Minggu, 5 April 2015
Sesaat sebelum memasuki pelabuhan Bakauweni jam 3.33 pagi dini hari, 2 orang intel polisi narkoba memberi tanda untuk memberhentikan kendaraan, dengan sopan dan alat senter yang dipegang sambil menunjukkan kalau tangannya kosong meminta ijin untuk memeriksa kendaraan. Sesaat tampak sibuk memeriksa semua bagian kendaraan termasuk sampah2 yg ada. Pemeriksaan yang cukup teliti. Mantab, semoga narkoba hilang dari bumi nusantara ini.
Begitu memasuki kawasan pelabuhan untuk antri naik kapal terdapat aktivitas yang menarik, banyak ibu2 yang jualan kopi. Dengan semangat mereka menawarkan kopi, disaat pagi yang dingin pastilah kopi tersebut akan terasa lebih mantab. Jadi ingat Iwan Fals dengan iklan kopinya.
Jadi teringat hal yang sama 2-3 tahunan yang lalu, dimana dikawasan stasiun senin dan gambir juga banyak penjual kopi. Namun sekarang sudah tidak ada, sepertinya mereka sudah dilarang berjualan.
Sekarang ini, di stasiun tersebut bagi yang membutuhkan makanan atau bagi penikmat kopi atau kopi untuk sekedar menghabiskan waktu, bisa membeli di toko modern alfatmart, seven 7 dan indomart serta dunkin.
Pengguna jasa akan merasakan suasana stasiun yang rapi dan bersih. Dan makanan yang disediakan toko modern tersebut juga terasa lebih bersih dan banyak pilihan.
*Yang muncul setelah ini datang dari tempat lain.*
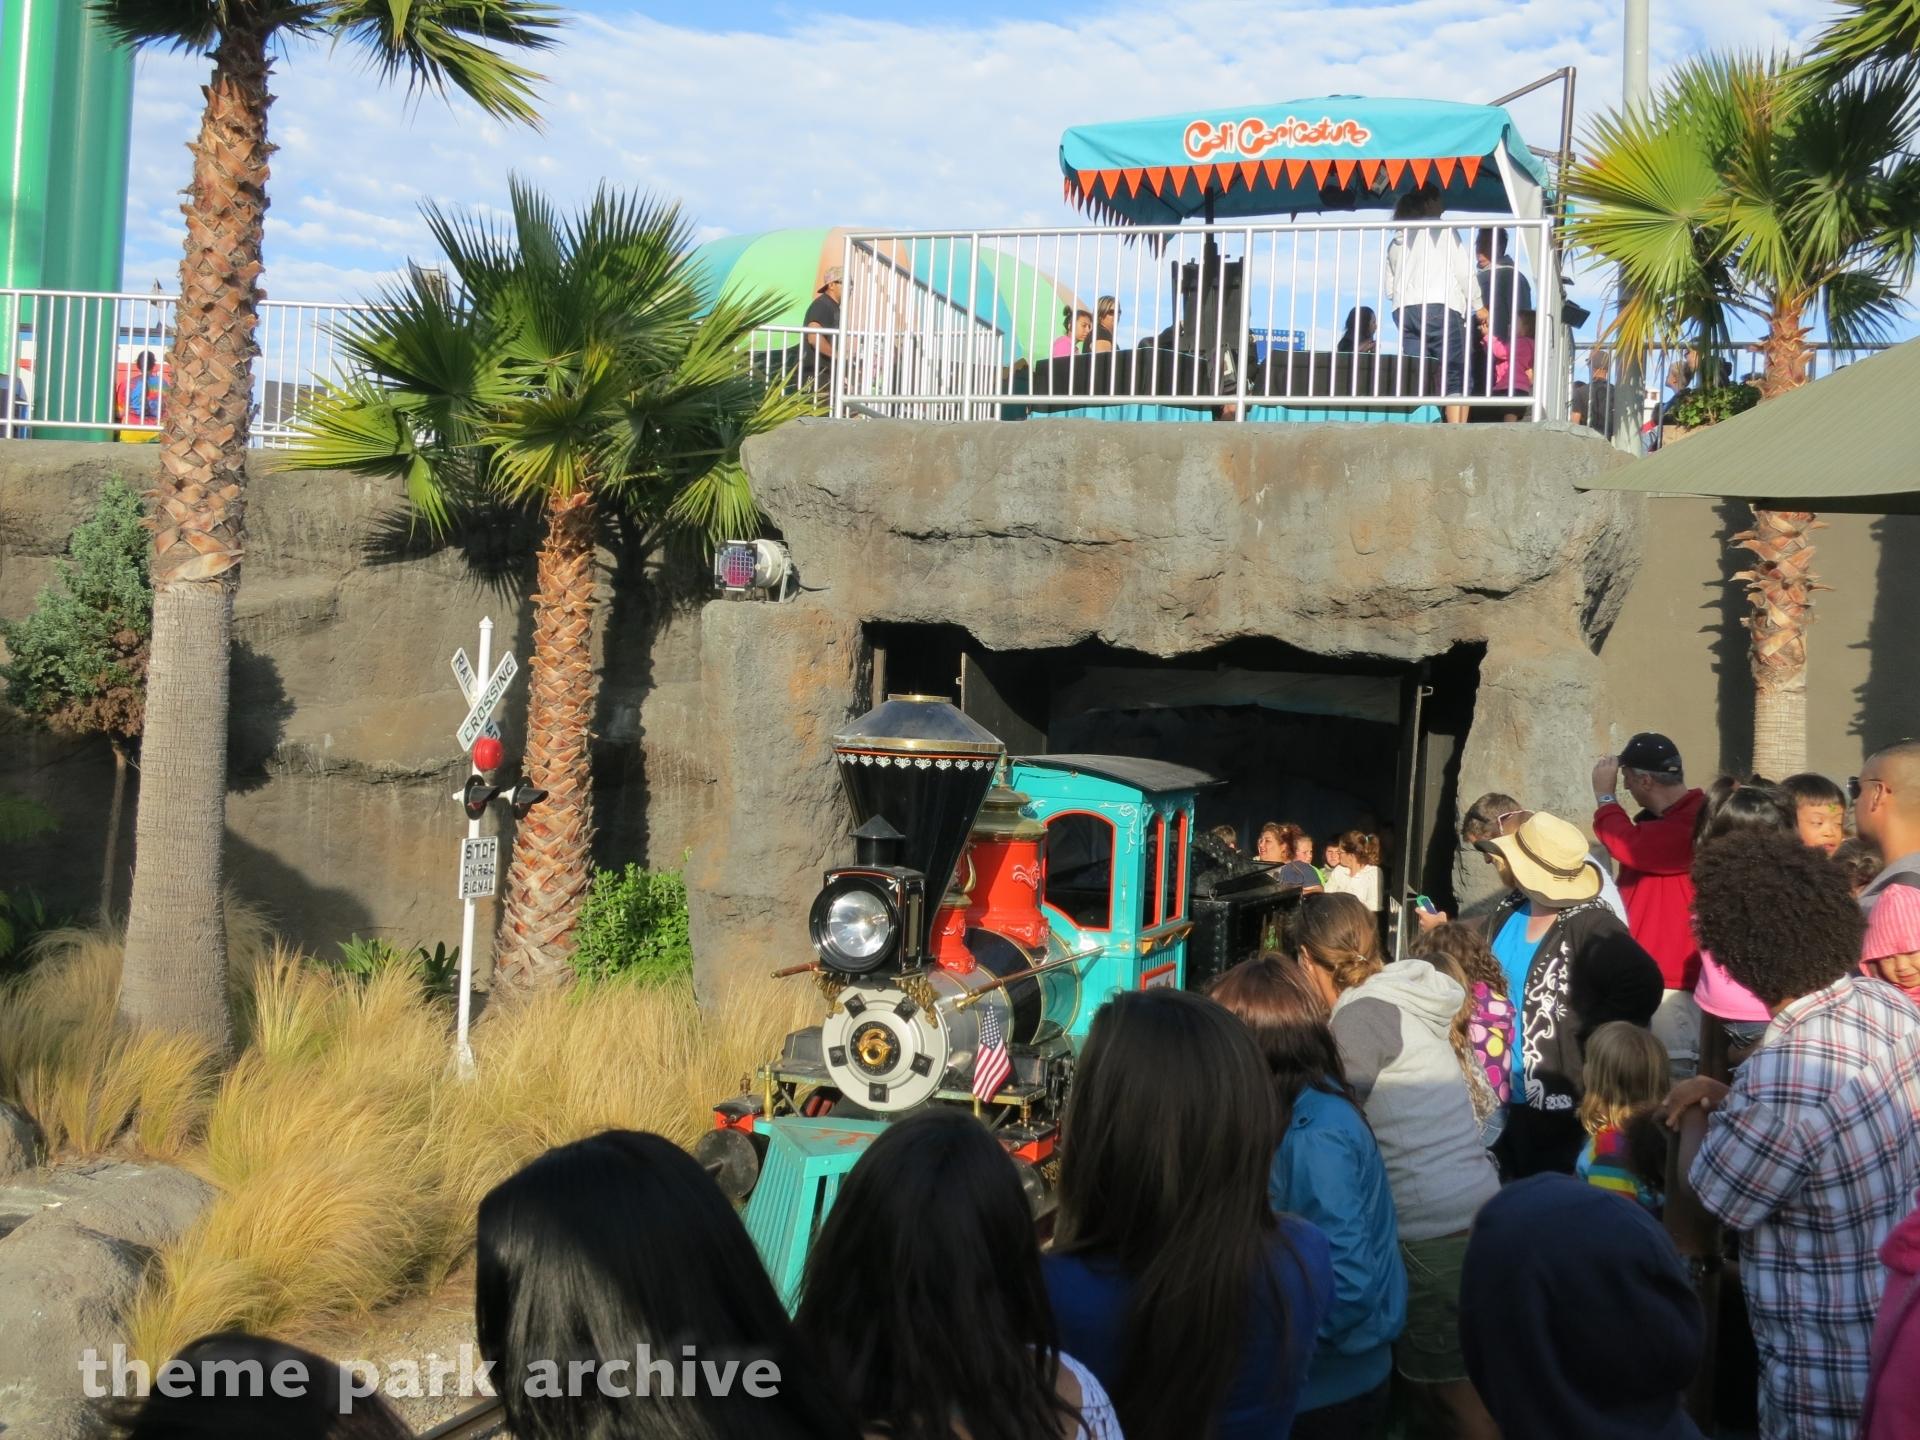 Cave Train Adventure At Santa Cruz Beach Boardwalk Theme Park Archive

Yang tentu saja beda jenis dan harganya dibanding makanan dr orang2 yang jualan di kawasan stasiun.
Bagi pengguna jasa stasiun, keberadaan toko modern itu pasti sangat membantu, terutama bagi yang beruang. Tinggal pilih, bayar, selesai.
Tapi bagaimana dengan masyarakat yang biasanya jualan di kawasan stasiun? Kemana mereka? Seandainya mereka tidak memiliki pekerjaan pengganti, akankah mereka tetap akan menjadi orang baik2?
Bagaimana dengan para pengunjung dari kalangan masyarakat bawah yang ingin menikmati kopi? Para sopir yang sedang menjemput, yang biasanya menghabiskan waktu dengan menikmati kopi sachetan tersebut?
Misalnya lg di kawasan Bandara soetta, memang masih banyak restoran dan outlet yang merek Indonesia, tapi tidak bisa ditutupi juga ternyata sudah banyak yang merk asing. Dan dikawasan parkir terminal 2 baru 1 tahun terakhir ada warung2 kecil yang sesuai dengan driver dan penjemput kelas bawah disekitar parkiran.
Kembali ke pelabuhan bakauweni, apa jadinya seandainya ibu2 penjual kopi dan makanan yang dikawasan dipelabuhan dilarang dan diganti toko2 modern?
Akankah masyarakat akan merasa memiliki pelabuhan? Akankah masyarakat bisa lebih sejahtera? Atau ada program pengelola pelabuhan agar masyarakat penjual diberi bantuan?
Apakah tidak bisa membangun dan mengelola pelabuhan dengan tetap melibatkan masyarakat sekitar, tanpa meninggalkan mereka?
Bukankah arah pengelolaan bandara sudah menuju privatisasi? Dan pelabuhan juga begitu? Akankah masyarakat kecil akan menjadi penonton? Menjadi tenaga kasar? Atau nantinya menjual makanan dan minuman sembunyi2 dari security?
Yang perlu diingat kembali adalah, apakah tujuan keberadaan BUMN/D apakah hanya akan mengejar laba? Bukankah tetap harus ada misi sosial.
Kalau seandainya stasiun, pelabuhan, bandara yg masih di kelola oleh BUMN, tidak lagi melibatkan masyarakat kecil dan sekitar, apalagi kalau nantinya sudah di jual ke asing. Terus, siapa yang membela masyarakat kecil? Bukankah konstitusi mengamanatkan keadilan sosial bagi seluruh rakyat indonesia.